In order to help you clarify your thoughts on what you want to get out of your collegiate experience as a math major, here are some questions to ask yourself:

  • Why do I like mathematics? What is it about math that attracts me to majoring in mathematics?
  • What type of mathematics do I like? Do I like the computational aspect? The rigor and logic? The problem solving experience? The theoretical aspect? Which content areas interest me?
  • What do I want to do for a career? Do I want to teach, or do I want pursue other avenues? If you want to teach, then:
    • what age group(s) do you want to teach? PreK, 1-6, 6-9, 9-12, college?
    • do you want to teach just mathematics, or do you want to have the flexibility to teach other fields as well?

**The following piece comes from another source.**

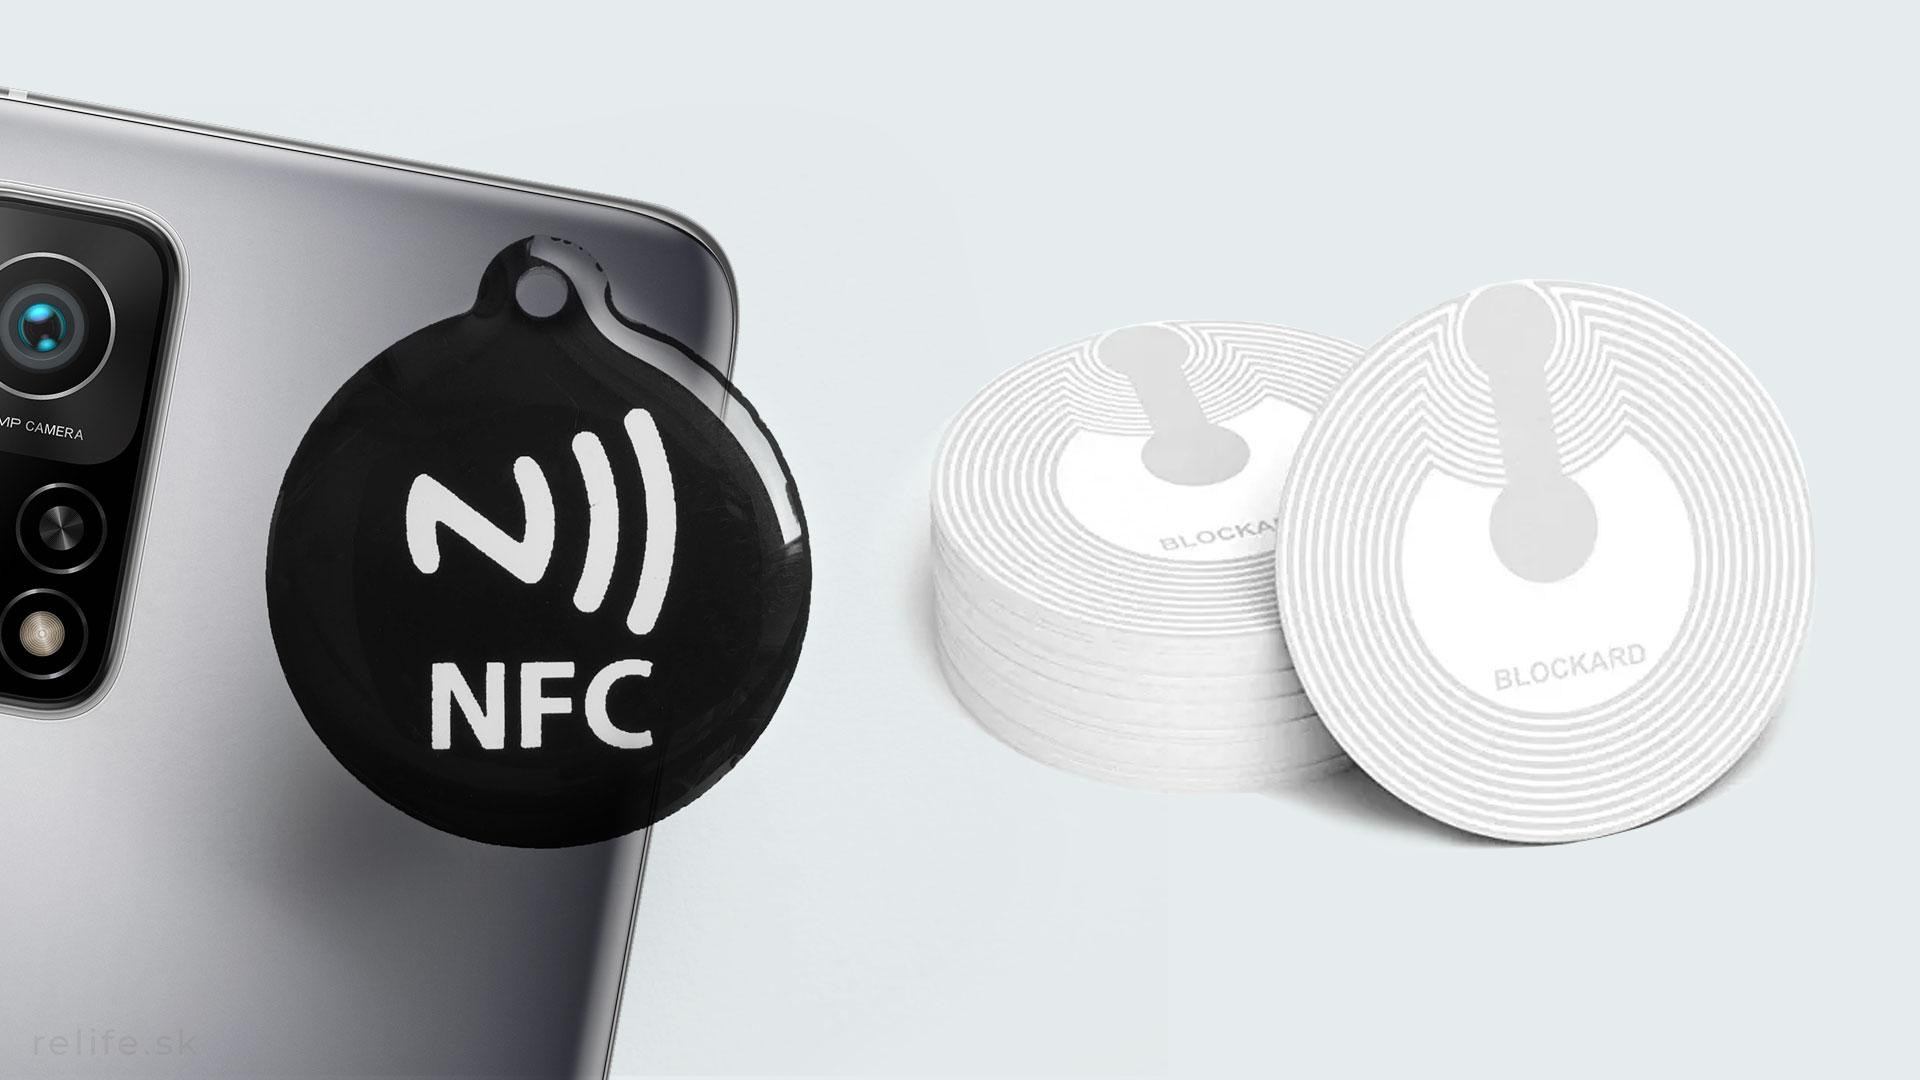 What Are NFC Tags?

  • If you are not interested in a career in teaching, then: are you interested in a career in business, industry, government, nonprofits, other alternatives?
  • How much education do I want to complete? Bachelors, Masters, or Ph.D.? Do I want to enter the work force right after graduation with the option to pursue graduate work later?
  • What do I need to do in order to further my career prospects?
  • What should I be doing academically to further my goals? Should I pick up a minor in another area? Should I try to double major?
  • What extracurriculars should I become involved in to further my goals? For example, should I get involved with the math club? Should I participate in the MCM Modeling Competition?
  • What types of work experience should I try to get to further my goals? Should I consider volunteer work experiences such as tutoring? Should I consider internships?
  • What organizations should I become involved in? What conferences or meetings might it be helpful to attend?